Write out exactly, and only, the lines below from the line with "24b313cabc54 Burberry Check" through the line with "Straubing Tigers –"; pictures do not belong in the copy.

◆ Input data
'''

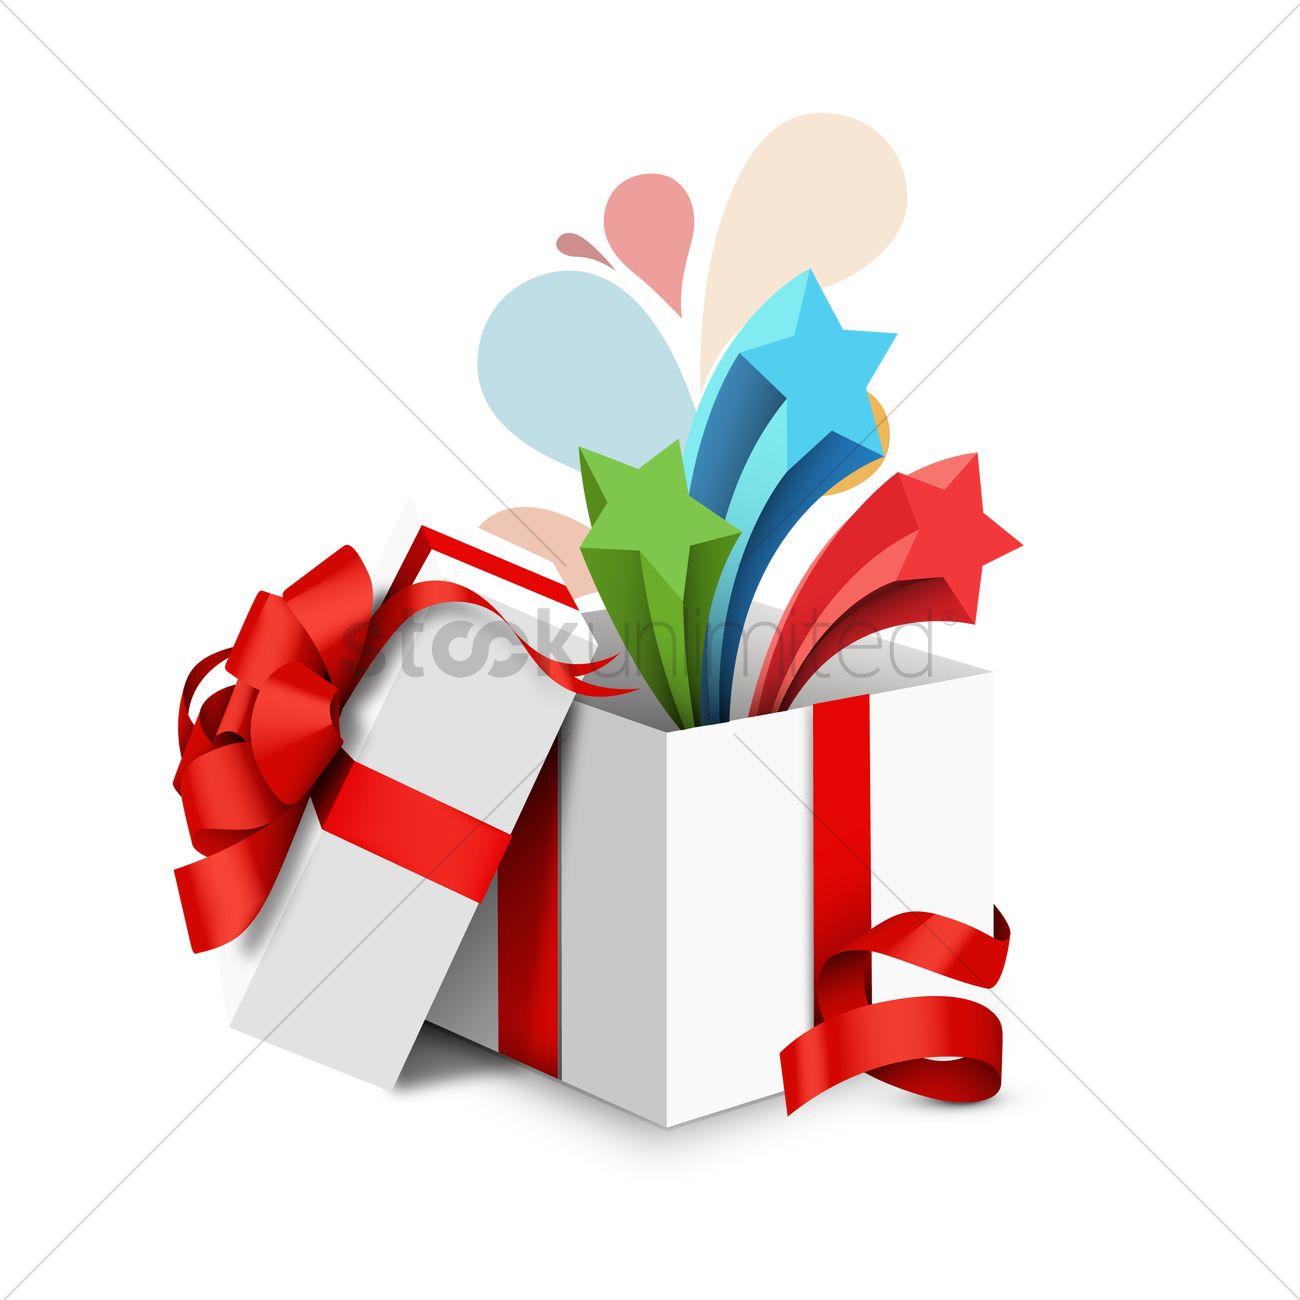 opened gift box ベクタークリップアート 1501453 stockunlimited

'''
'''

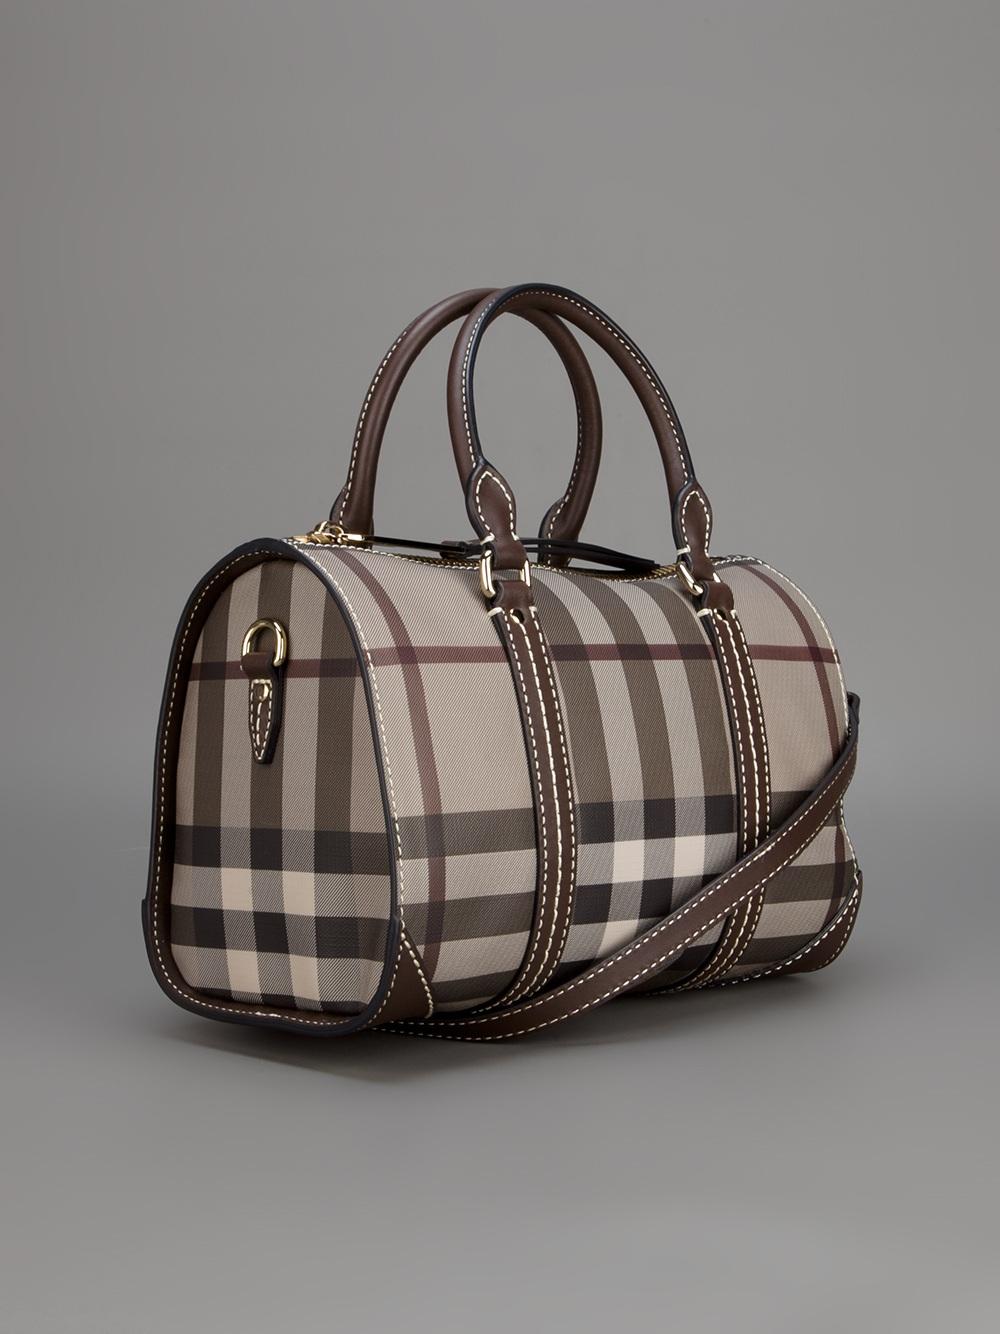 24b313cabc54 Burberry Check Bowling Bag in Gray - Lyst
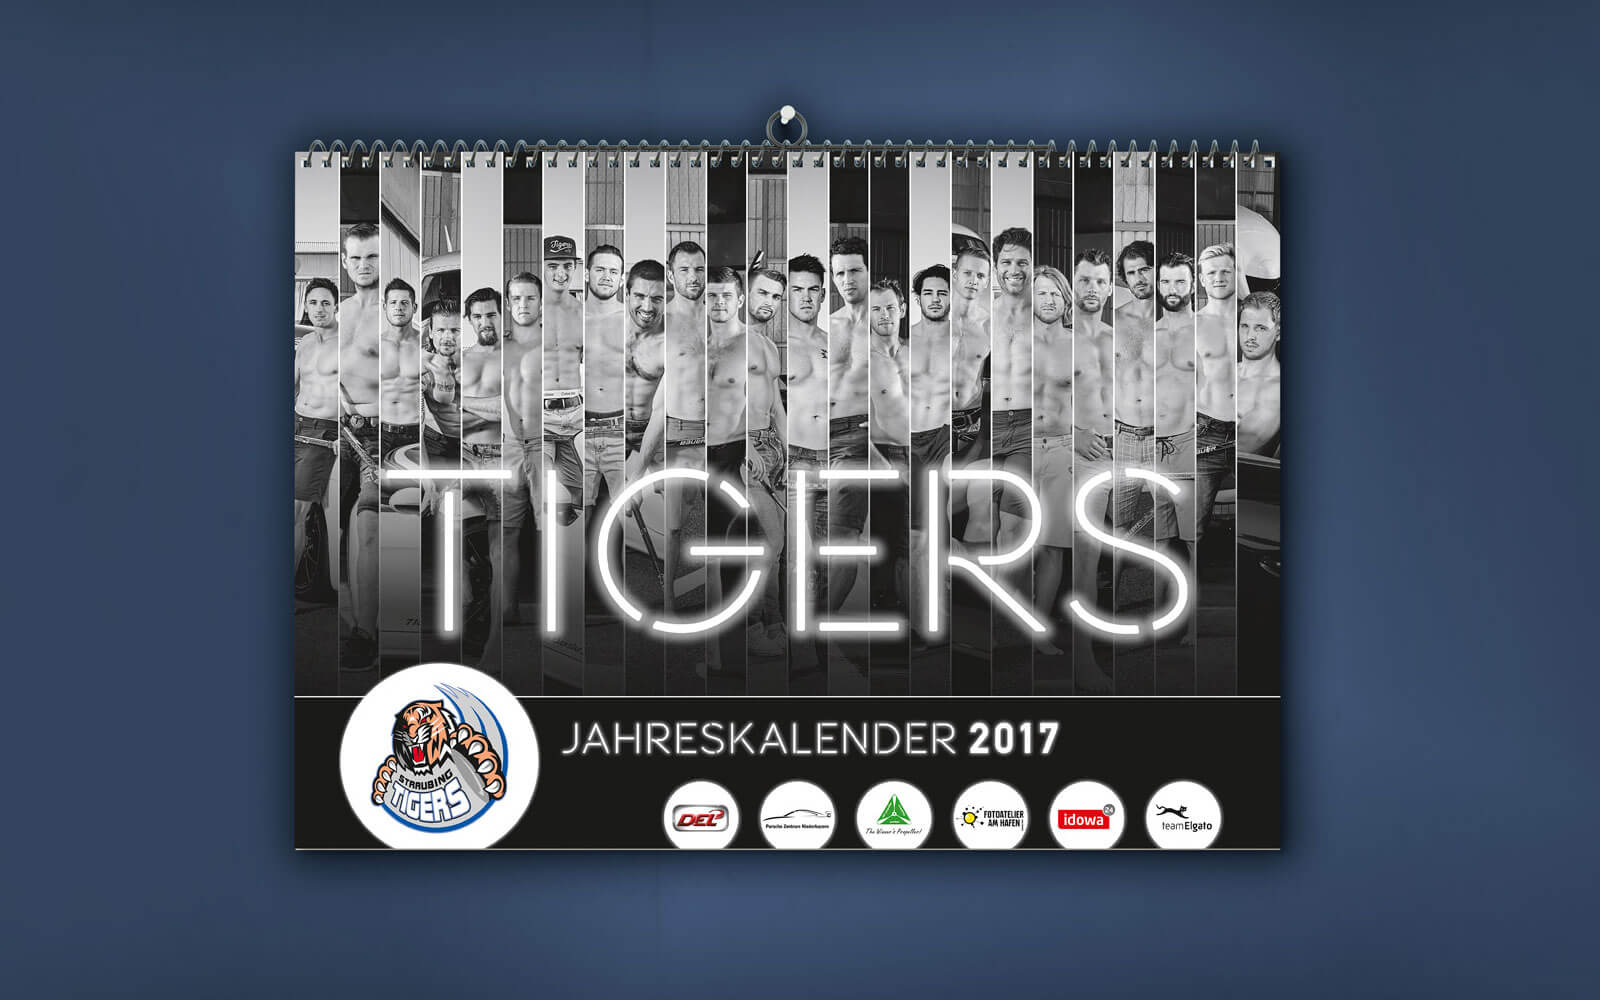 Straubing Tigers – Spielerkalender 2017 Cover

'''

◆ Solution for this task
 24b313cabc54 Burberry Check Bowling Bag in Gray - Lyst
 Straubing Tigers – Spielerkalender 2017 Cover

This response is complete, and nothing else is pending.